The following year, he made history, landing a modeling contract as the first face of MAC Cosmetics’ Viva Glam line. “It was very controversial. The concerns were from our retail partners who were shocked by the first images. The first VIVA Glam poster had RuPaul spelling the M with his legs spread,” Frank Toskan, cofounded of MAC, said. “We had customers that didn’t know what to make of it. But we needed a voice—and a very loud one—and he was it. There were questions in the beginning, but everybody applauded and celebrated us by the end.”

With Ru’s fame taking off, it was time to leave his club days behind, but not before a chance encounter on the dance floor in 1994 brought him to the love his life. “I met Georges on the dance floor at Limelight in New York City, the disco,” RuPaul said of meeting his now-husband Georges LeBar, a rancher who runs a 50-acre ranch in Wyoming and South Dakota, in a 2013 episode of OWN’s Oprah: Where Are They Now? “He was on the dance floor dancing like a manic.
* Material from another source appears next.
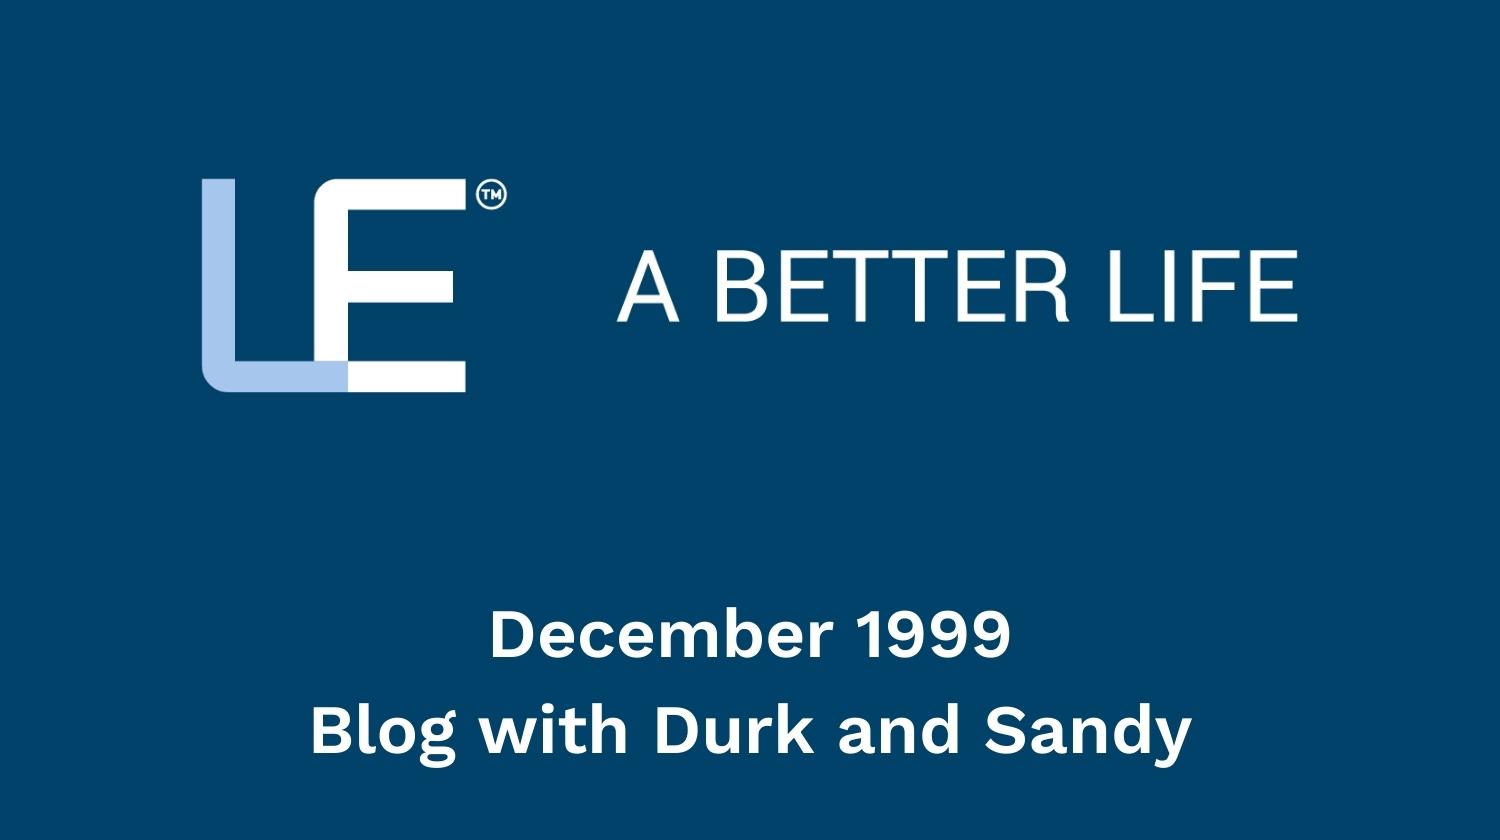 December 1999 Blog with Durk and Sandy

I had to go over and say, ‘What are you going through?'” he laughs. “And it’s also because he’s actually 6’7″, so he’s taller than I am—so of course I had to notice him.”
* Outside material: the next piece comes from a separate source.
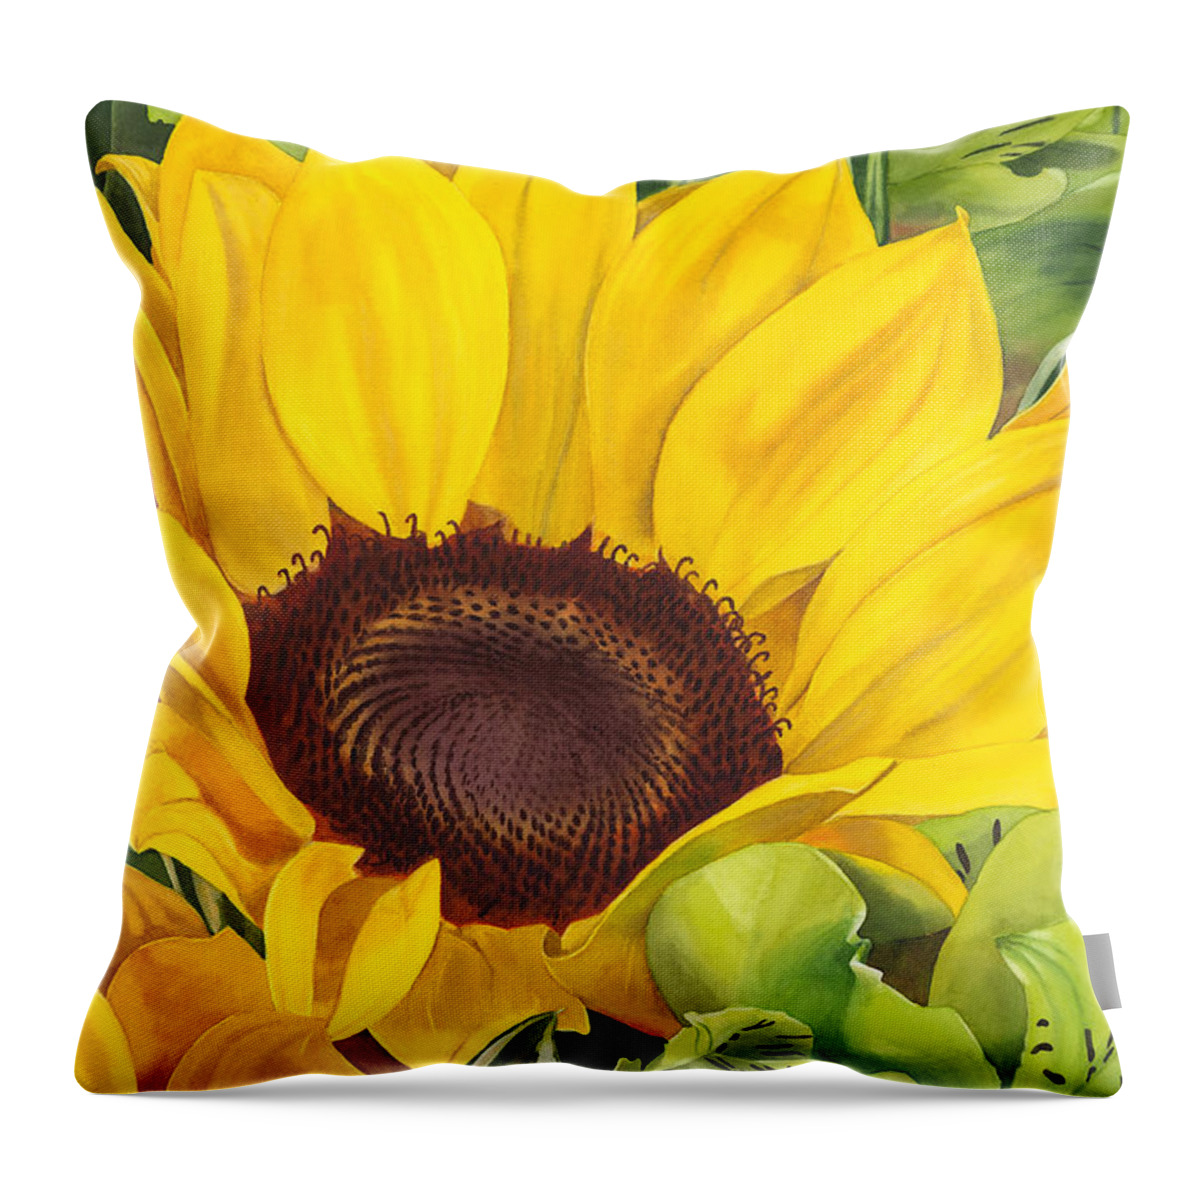 Flower Throw Pillow featuring the painting Let Me Brighten Your Day by Espero Art

“He’s so kind and funny,” Ru said of the man he married in 2017 on the anniversary of the day they met in a 2015 interview with BuzzFeed. “I remember praying, ‘I want a sweet, sensitive man,’ and I got an Australian who’s just lovely.”

As he began racking up appearances in both TV and film—Sister, Sister, Ellen, The Brady Bunch Movie and To Wong Foo, Thanks For Everything, Julie Newmar, to name a few—he was given the opportunity to host a morning radio show on New York’s WKTU station in 1996, reuniting him with Club Kid Michelle Visage, his future Drag Race partner-in-crime and What’s the Tee? podcast co-host. “And one week, RuPaul walks in. And he sees me and he goes, ‘Of course it’s you. Who else would it be?’ That was ’96. I hadn’t seen him since ’92,” Visage recalled to EW. “It was like kismet, and that’s where everything started. It was obvious that this was the team.”

Around the same time, after his appearance at the 1995 VH1 Fashion and Music Awards had stolen the show, the network approached Benton and Bailey’s production company World of Wonder about creating a show. And in 1996, The RuPaul Show was born, making Ru national TV’s first openly gay talk show host, with Visage as his sidekick. The show lasted for 100 episodes, landing such high-profile guests like Cher, Diana Ross and NSYNC.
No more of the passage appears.